Des Weiteren soll demnächst eine unabhängige Aufarbeitungskommission ihre Arbeit im Bistum Münster aufnahmen. Und ein "Fall-Manager" sorgt ab Januar dafür, dass sich auffällig gewordene Geistliche auch an die Auflagen halten, die Genn ihnen macht - etwa keine Gottesdienste mehr zu feiern.
Zugang zu Gräbern verstorbener Bischöfe verschlossen
Da seine verstorbenen Amtsvorgänger Reinhard Lettmann (Amtszeit 1980-2008), Heinrich Tenhumberg (1969-1979) und Michael Keller (1947-1961) "schwere Fehler" im Umgang mit Missbrauch gemacht hätten, werde der Zugang zu ihren Gräbern im Münsteraner Dom vorerst geschlossen bleiben, so Genn. Zusammen mit Betroffenen wolle das Bistum eine Form finden, wie dieser Bischöfe künftig gedacht werde.
Deutlich kritisiert der Bischof im Zusammenhang mit Missbrauch den Umgang der Kirche mit dem Thema Sexualität. Es sei "verheerend, wenn ein Priester sexuellen Missbrauch begeht und gleichzeitig sonntags über das Thema Sexualität in einer Weise des Verbotes und der Rigidität spricht". Ablehnend bewertet er auch ein "völlig überhöhtes Priesterbild" und ein "wesentlich von Männern geprägtes" System.
Klar stellt Genn sich zudem hinter den Reformprozess der katholischen Kirche in Deutschland, den Synodalen Weg, und weist kritisch-ironische Äußerungen von Papst Franziskus zurück. Das Kirchenoberhaupt hatte kürzlich in einem Interview erklärt: "Es gibt eine sehr gute evangelische Kirche in Deutschland. Wir brauchen nicht zwei von ihnen." Die katholische Kirche müsse Synodalität - also breit angelegte Beratungsstrukturen innerhalb der Kirche - lernen, entgegnet Genn.

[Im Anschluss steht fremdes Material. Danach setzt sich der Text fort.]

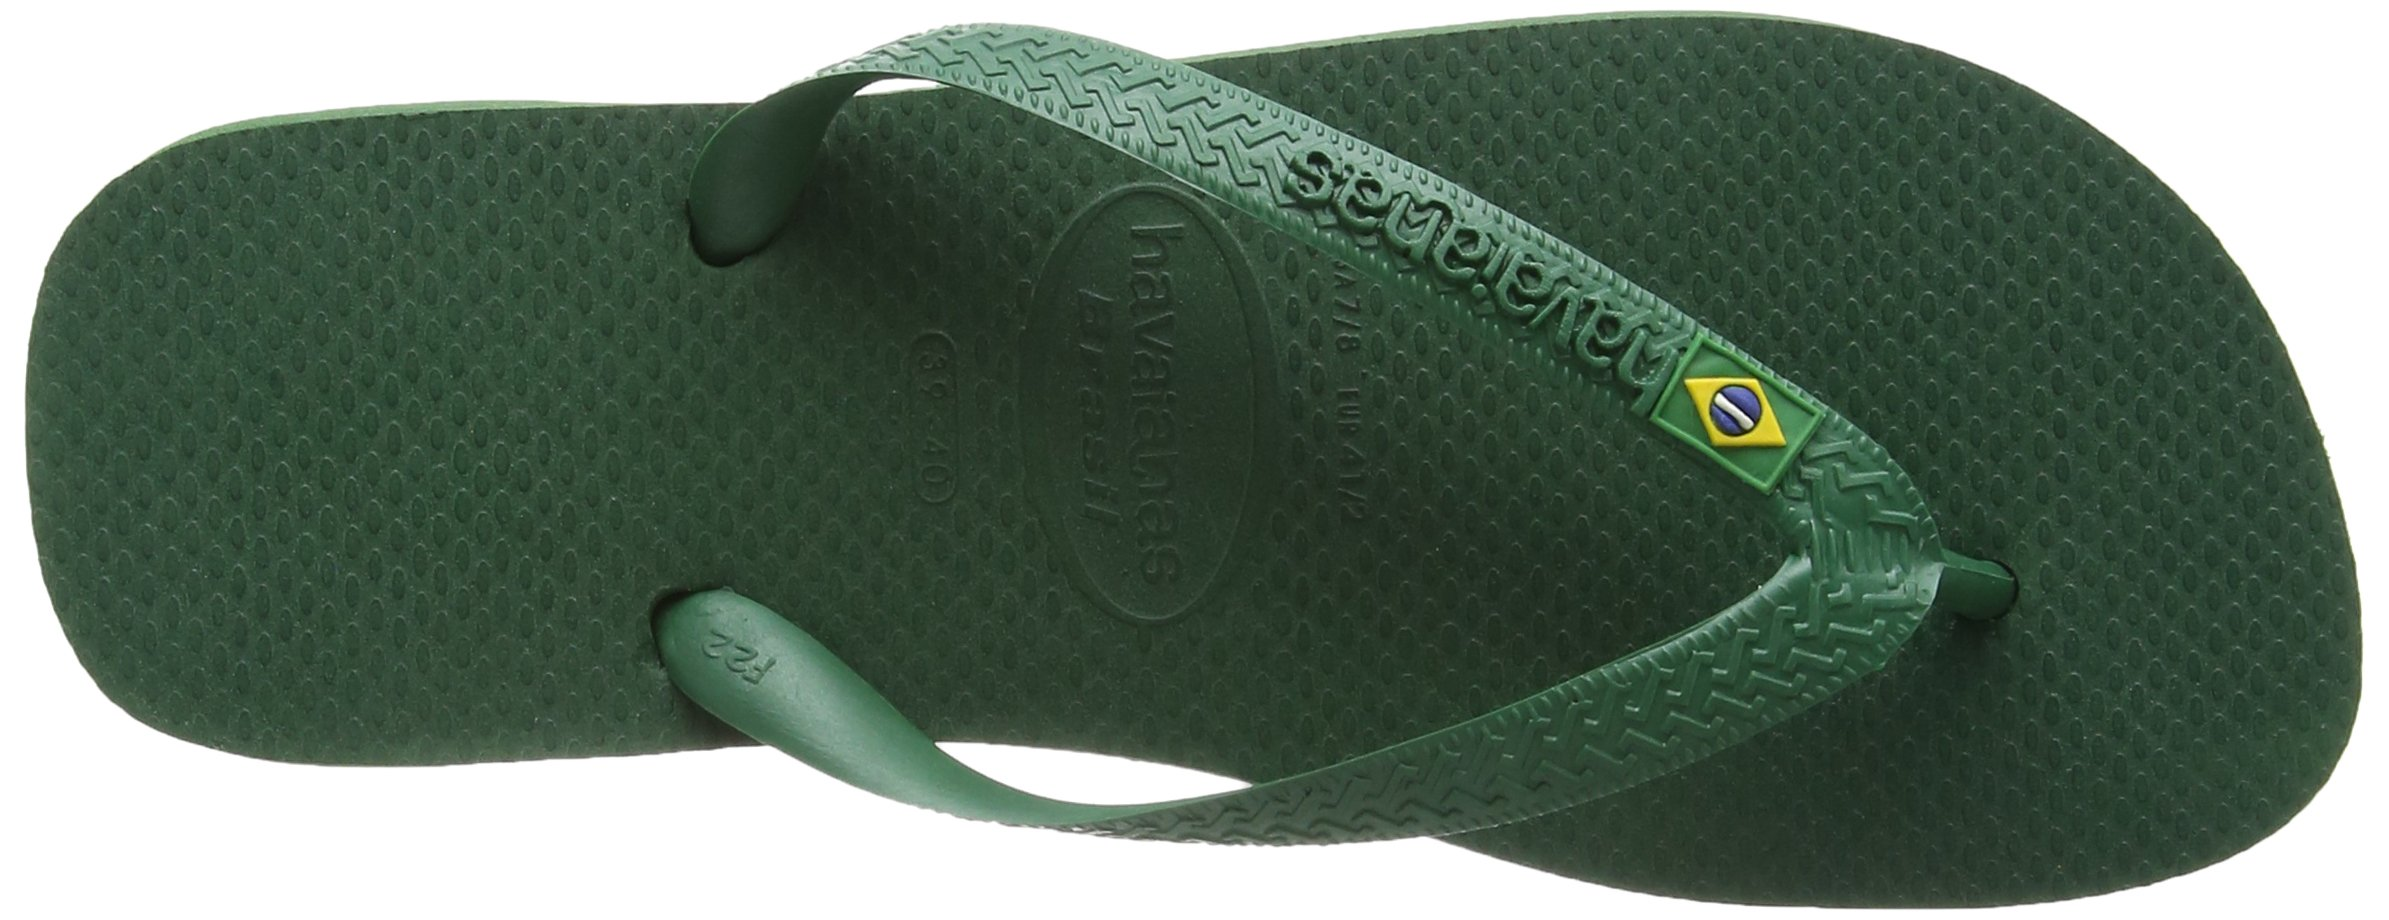 Havaianas Brasil, Unisex Adult's Flip Flops, Green (Brasil Amazonia), 3/4 UK (37/38EU) (35/36 BR) by Havaianas (Image #9)
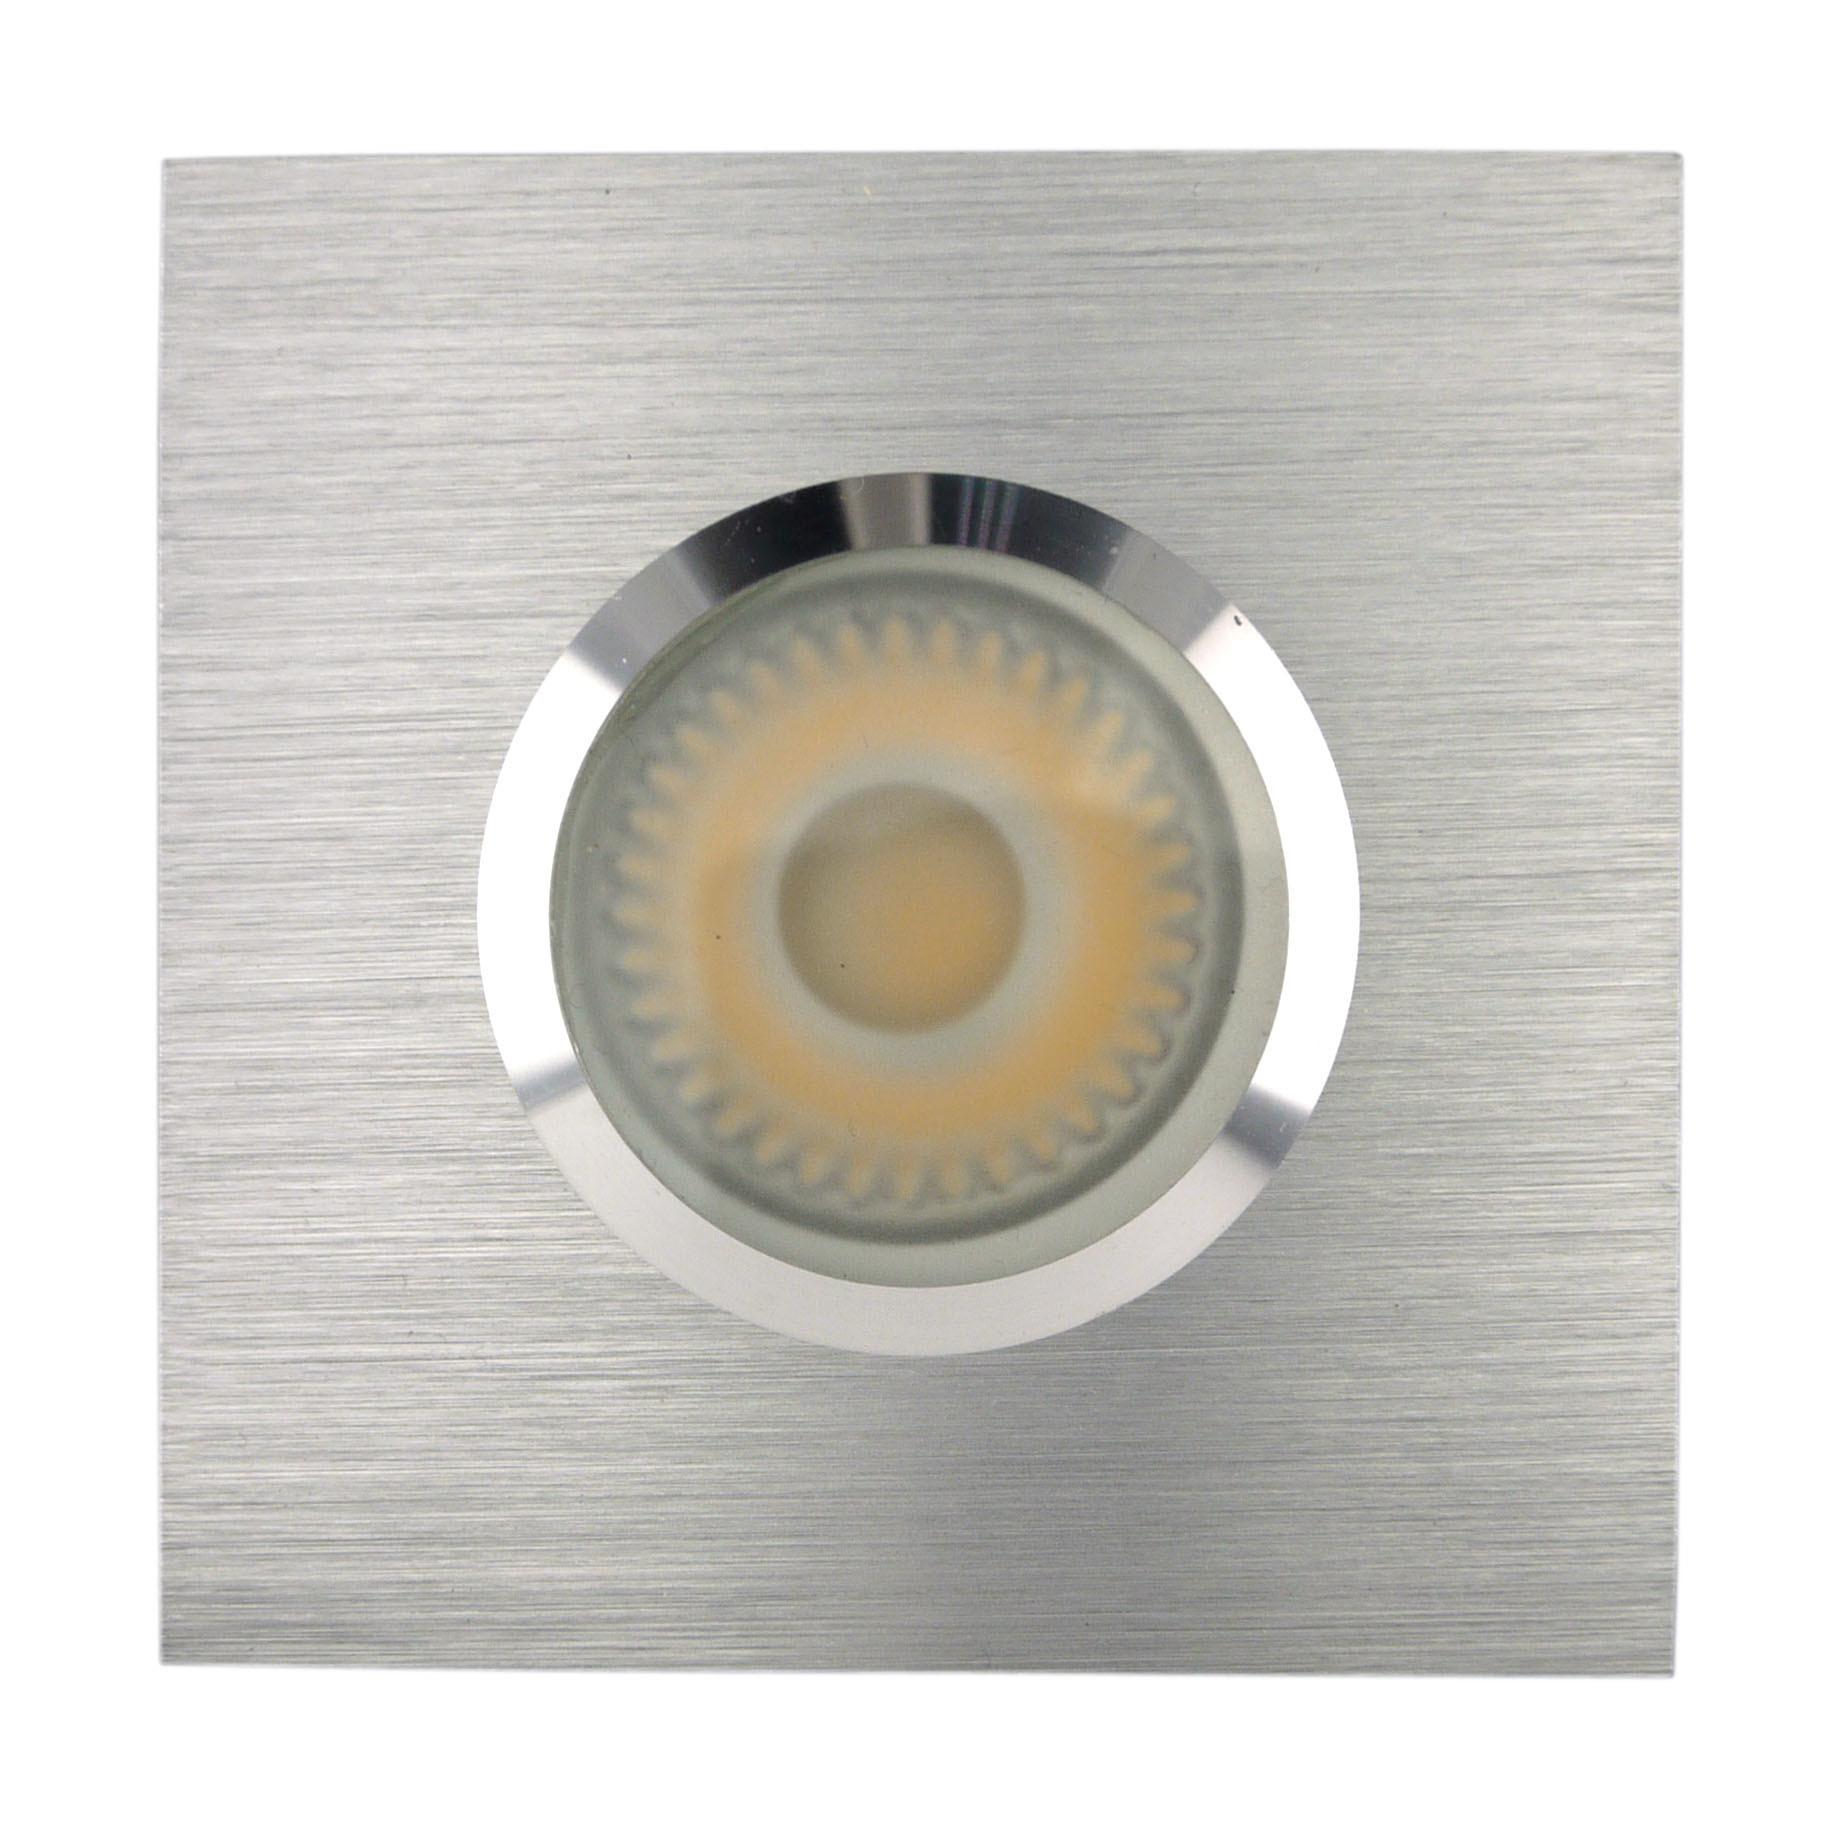 China lathe aluminum gu10 mr16 square fixed recessed led bathroom downlight lt2901 china spotlight downlight

Vielleicht liege darin auch eine "gewisse Skepsis" des Papstes begründet.
Für Veränderungen wolle er sich auch in der Weltkirche einsetzen, kündigt der Bischof an. Dabei gehe es ihm aber "nicht um einen Konflikt mit Rom, sondern es geht mir für eine Verantwortung für das Bistum."
Genn löst sich schließlich gänzlich vom Skript und beantwortet frei die Fragen der Journalisten. Unbegreiflich sei ihm, wie Kirchenverantwortliche die Interessen der Institution über das Wohl von Opfern stellen konnten. "Ich kann es nicht verstehen", sagt er und betont dabei jedes Wort. Emotional berichtet er auch von Gesprächen mit Betroffenen. "Ich war manchmal fix und fertig, weil es mich mitgenommen hat."
Bischöfe sind angehalten, im Laufe ihres 75. Lebensjahres den Rücktritt einzureichen. Blieben Genn also noch rund zwei bis drei Jahre, um seiner Betroffenheit Taten folgen zu lassen. Die angekündigten Maßnahmen sind für ihn ein Schritt in diese Richtung. Es bleibe "noch viel zu tun".